Figure 6-8 Surface casing axial design In this case the design factor of 1.6 is greater than the 100,000 lb over pull at all points of consequence so we use the design factor line as the design line. When we plot the casing we have already selected to meet the collapse and burst requirements we find that it easily exceeds the tension requirements also. This is fairly typical of many surface strings, but the tensile design should always be checked to be certain. As we have mentioned earlier some regulatory agencies require an un-buoyed axial design and since we have already done the calculations lets plot it and see if our preliminary selection also satisfies that design criterion. We see that it does.

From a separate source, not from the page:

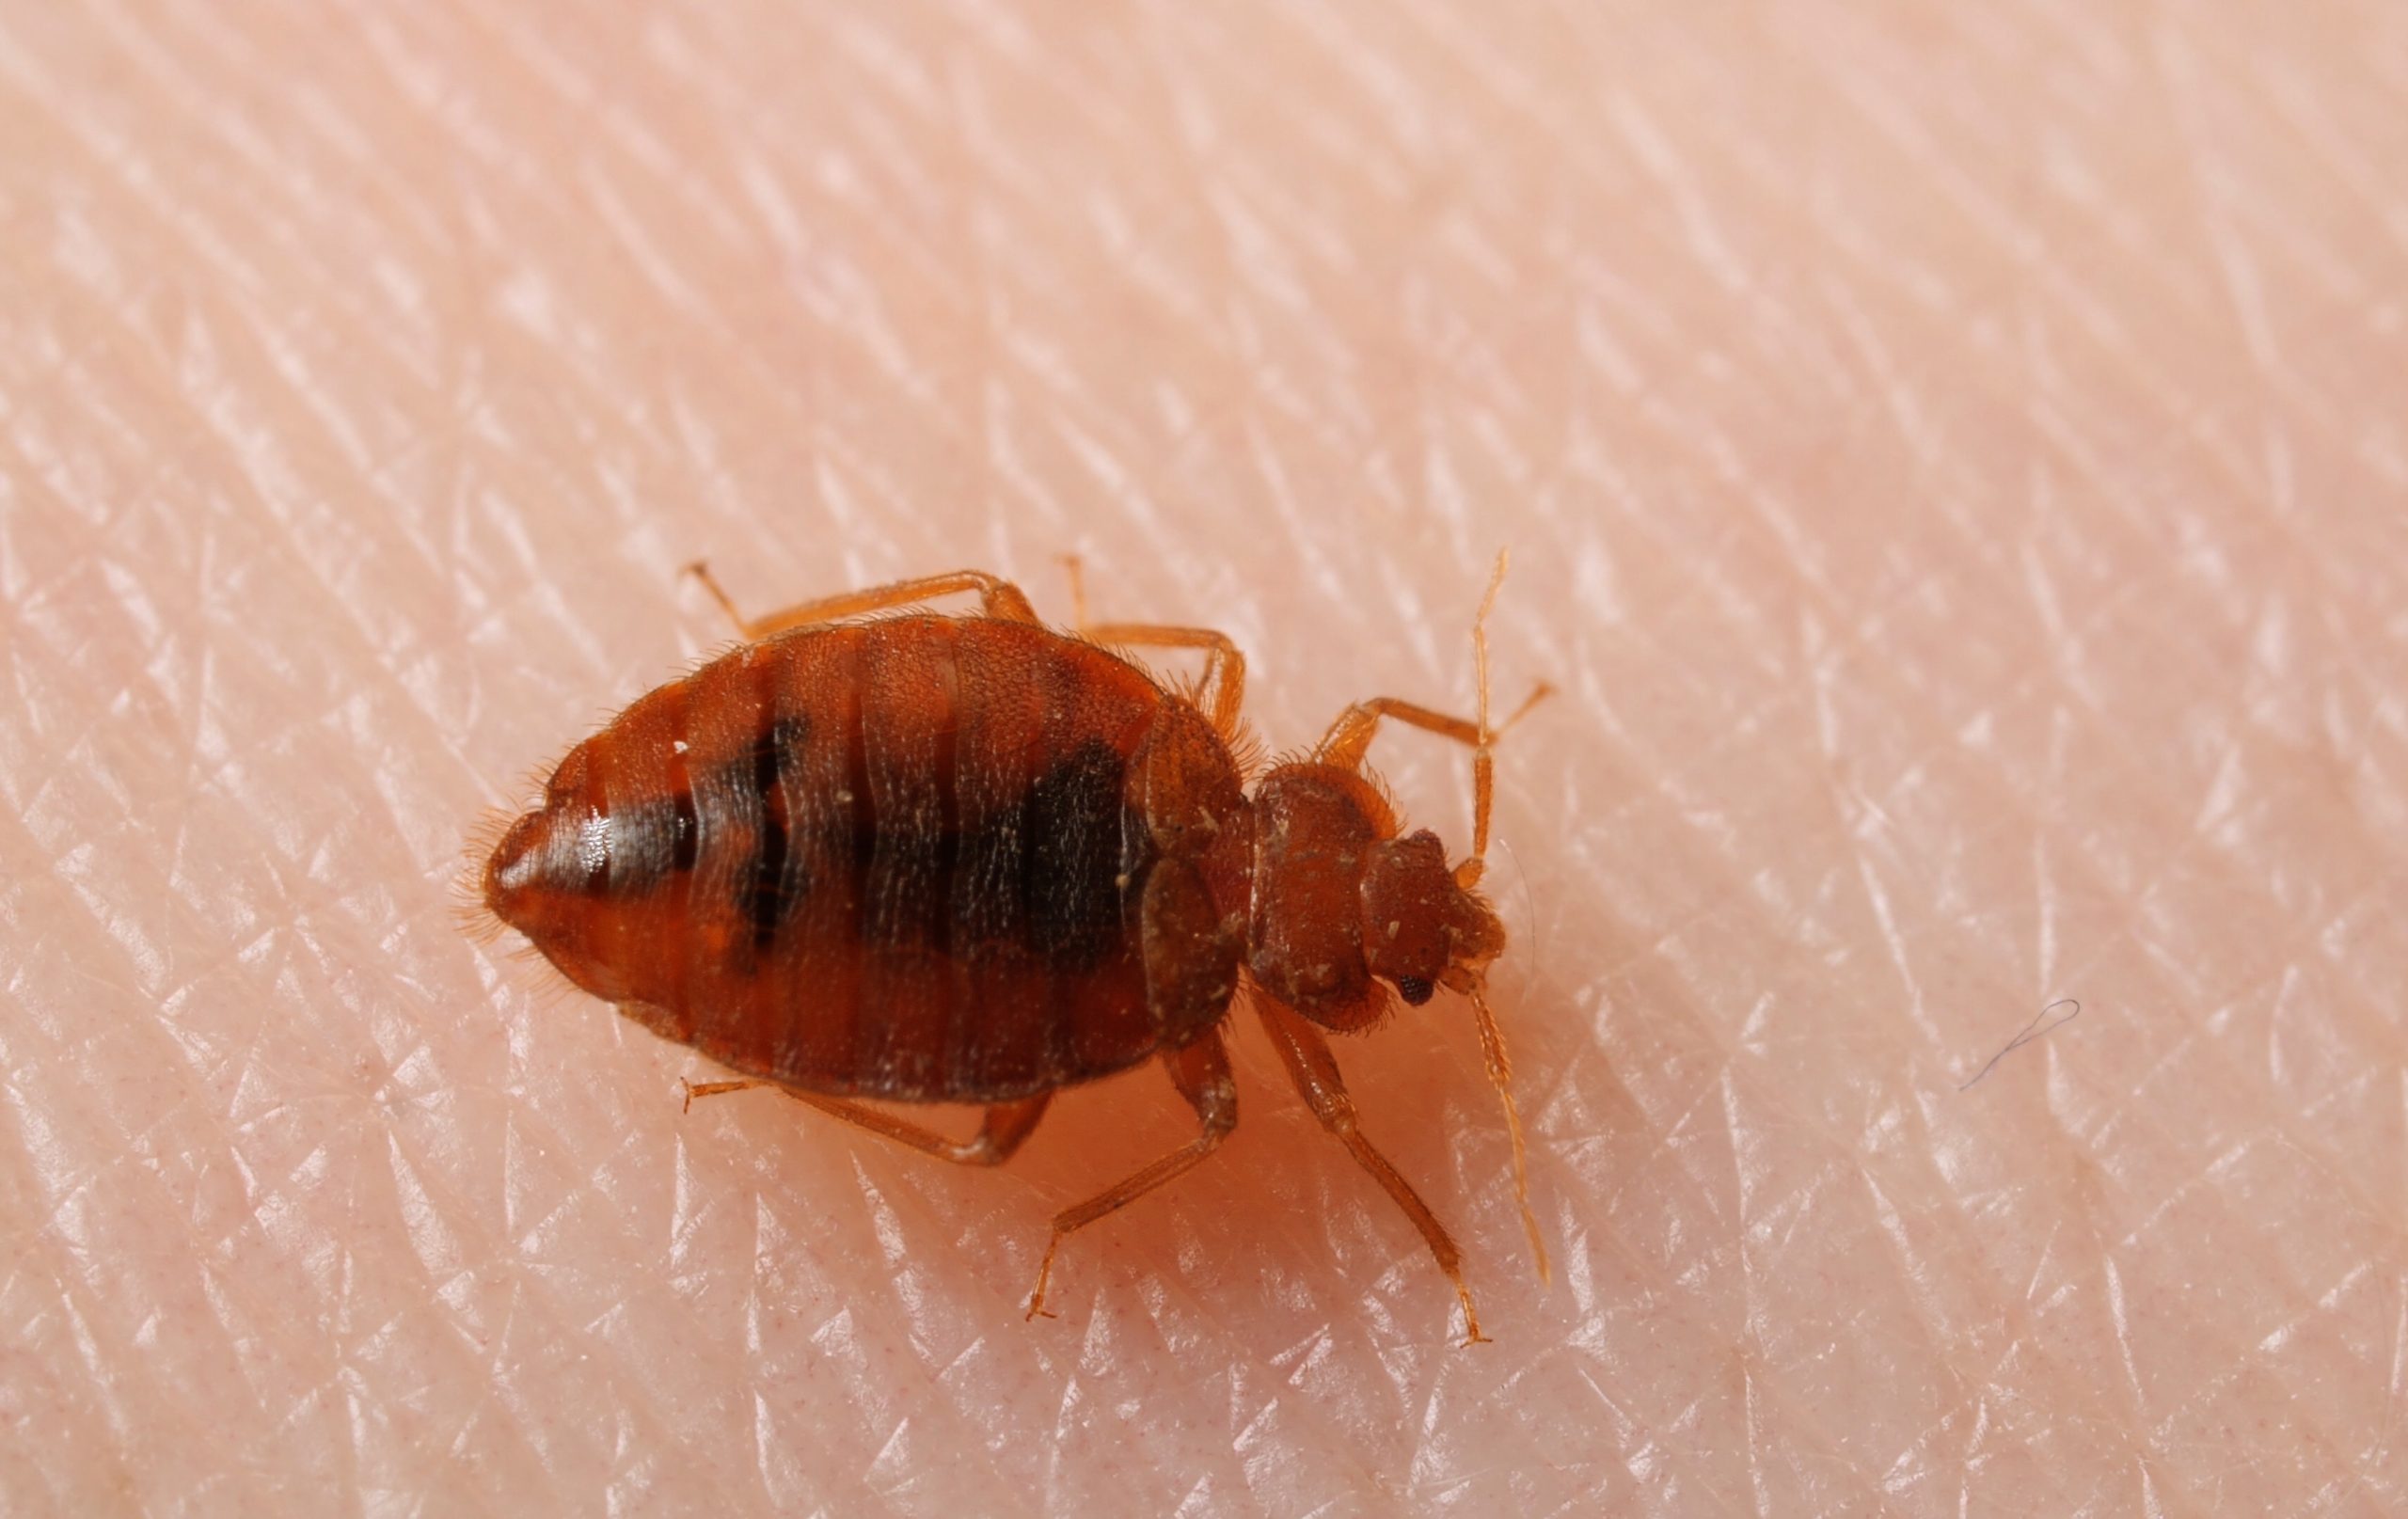 How Do Bed Bugs Affect Your Health?

Figure 6-9 Surface casing un-buoyed axial load and selection for comparison Our preliminary selection for collapse and burst still satisfy our axial design criteria. Notice though that the safety factor curve becomes the design line at the top of the string in the un-buoyed case.

Figure 6-10 Surface casing summary Axial Load Compression Our selection at this point accounts for common loading, but does not account for the compressive loads of out intermediate casing, production casing, tubing, and well head which it will eventually support. We will not know those loads until we select the other casing strings, therefore we will return to the surface casing later.